Dispatches

The Future Is Small

Visitors to the Paris Air Show watch the Airbus A380 land

When I get my first view of the Airbus A380 in flight, I feel like I’m watching a whale documentary. Whales may seem like the inevitable comparison, since the A380 is the largest passenger jet ever built, but it’s not just that it’s big. It seems nearly silent, especially compared to the fighter jets that were showing off a few minutes earlier. It flies low and, by some optical trick, appears to be moving slowly. As it swoops and circles, an announcer intones commentary, and sober music plays over the tinny loudspeakers. The vast tarmac has filled with people, and all eyes are skyward.

But it also makes me think of another prodigious, slow-moving creature, one that became too big, and then extinct. Airbus has bet on a megaplane, one that in its “evaluation model” seats 555 passengers.

In fact, though, airlines may stuff in many more. The realistic maximum, says Airbus Senior Marketing Analyst Corrin Higgs, is 800. That implies certain assumptions about how we’re going to fly in the future. It implies that an ever-expanding market of passengers will want to jump between mega-cities like New York and Hong Kong, many of them using feeder routes to get to those hubs. (This is called a hub-and-spoke model.) It also implies that passengers will adapt to the idea of being airborne with 500 or 800 other souls.

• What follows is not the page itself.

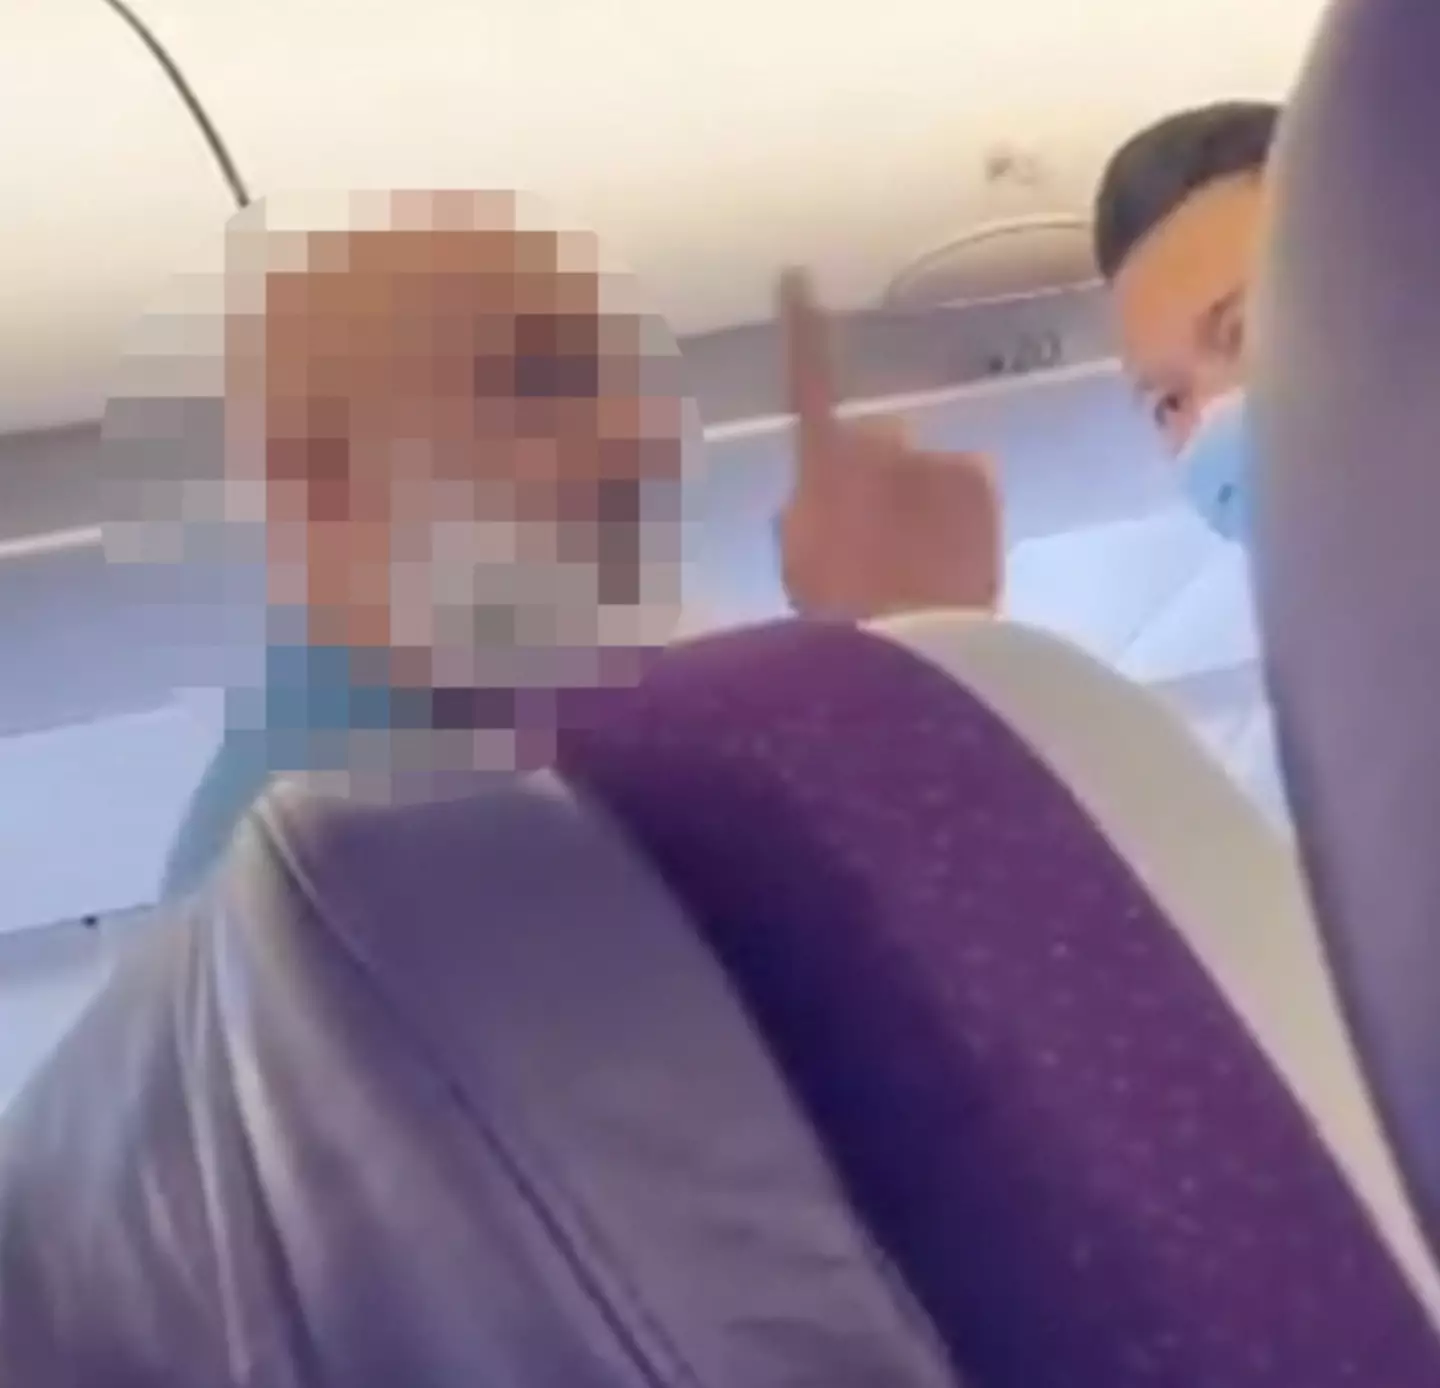 The unnamed man was seen berating passengers and staff.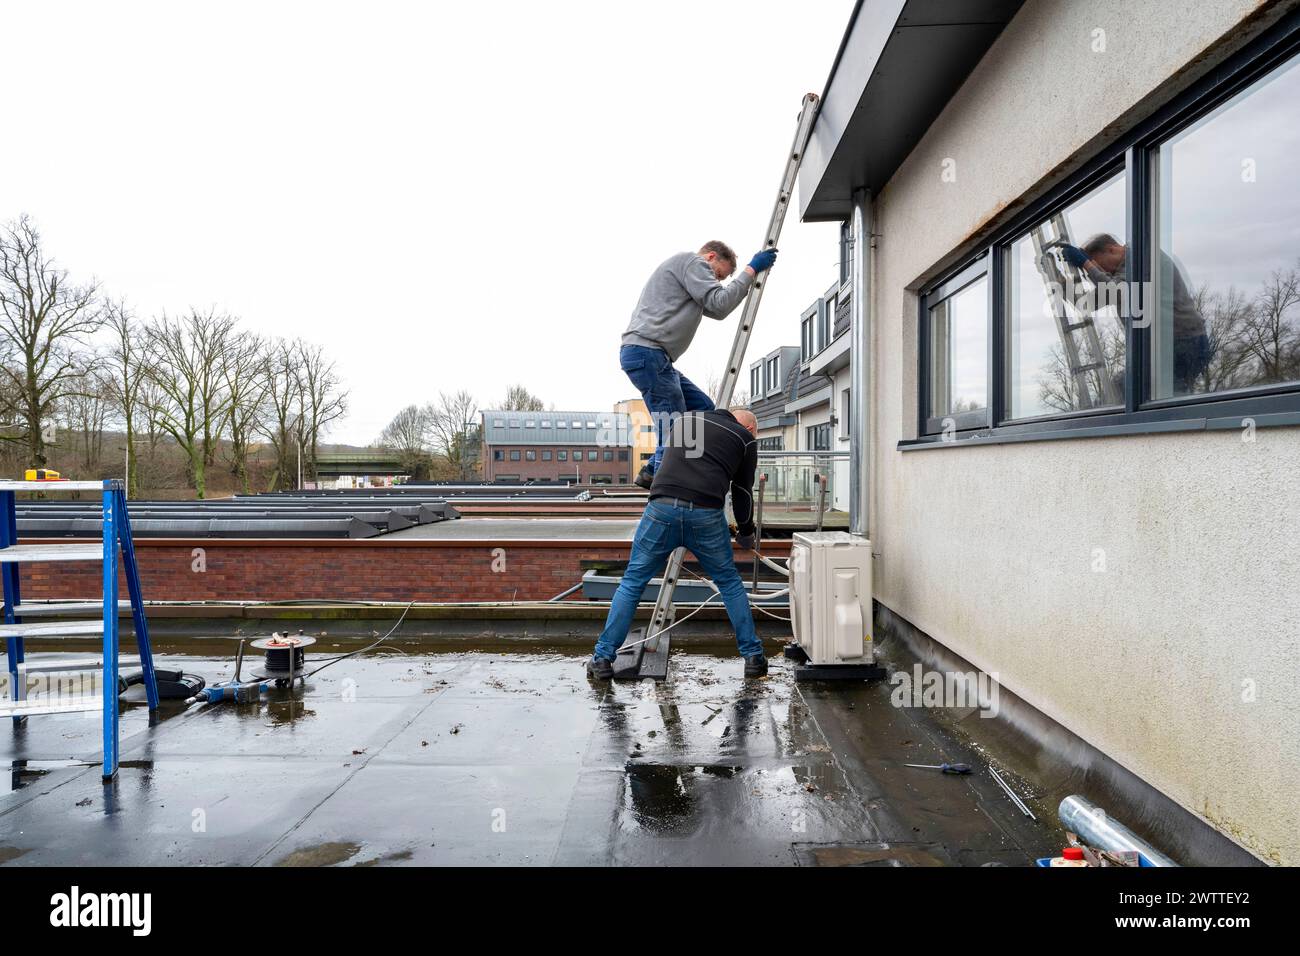 Two workers installing a window on an overcast day. Stock Photo

The A380 is an engineering wonder, and its commercial prospects look sunny this week, with 13 passenger airlines having already put in orders. But I’ve also been struck by how sunny the prospects look for much smaller flying machines. 

The Airbus display at the 2005 Paris Air Show

Jim French, chairman of the U.K.-based low-cost carrier Flybe, wrapped up a press conference this week with the quip “Size matters.” But he was talking about how pleased he was with the Bombardier Q400, which seats up to 78. Flybe has 45 Q400 jets on order, and the company also just ordered 14 of the Embraer 195, which seats 108. In a passenger market that has major airlines struggling, his privately held company is growing briskly—it flew 42 percent more passengers in May 2005 than in May 2004. It is expanding by flying routes such as Southampton, England, to Toulouse, France, and Exeter, England, to Belfast, Northern Ireland—point-to-point trajectories that bypass major hubs.

Everyone in the industry agrees that in the future more people will fly and people will fly more. (Although those assumptions could be thrown into doubt by a severe rise in oil prices or a SARS-type epidemic.) But we don’t really know where they will choose to go or how they will get there. Much of China may be hopping on planes in the near future. But will they all fly from Shanghai to Los Angeles? Or will most just want to fly routes like Chengdu to Dalian, or Guangzhou to Ningbo, skipping Shanghai altogether?

We will still need very large planes to get from Shanghai to Los Angeles. But within continents, commercial planes could keep getting smaller. Barry MacKinnon, a vice president of Bombardier’s regional aircraft division, gave me an example of this kind of downsizing: Air Canada used to fly an Airbus A319, which seats 122 passengers, once a day between Calgary, Alberta, and Houston, Texas. As of this month, it flies a smaller jet, the 75-seat Bombadier CRJ 705, twice a day instead. The switch shows that increasing air travel doesn’t necessarily mean we need ever-bigger jets. The Calgary-Houston route could grow—but it still might make sense to fly more small jets, giving passengers more choice.

A full-scale model of the Airbus A380’s interior

The Internet has converted air travel into a retail business. That is, we can compare price and product and pick what we want, much in the same way we would shop for a suit. That means buyers have more power to shape the market than in earlier phases of the air industry’s development. If I had to wager on what buyers want, I would bet on point-to-point flight patterns wherever the limits of engineering allow them, rather than hub-and-spoke routes. Because air travel is hellish enough without an extra transfer.

Still, size is spectacular. Seeing the A380 overhead motivates me to go look at the full-scale model of the plane’s interior on the floor of one of the immense pavilions where manufacturers display their wares. The model, which visitors can enter, is roped off, and the guard controlling access is acting like a bouncer at an exclusive club. People thrust business cards at him, but time after time he tells them no. One woman begs him for the A380 pin on his lapel. A uniformed Senegalese officer crowds next to a pair of French engineers who crowd next to an Indian family. We’re all pressing against the rope. The show does not open to the public until the next day—until now it has been for trade visitors only—but it’s starting to feel chaotic.

The A380 is undoubtedly hot. But whether it has enough staying power is another question.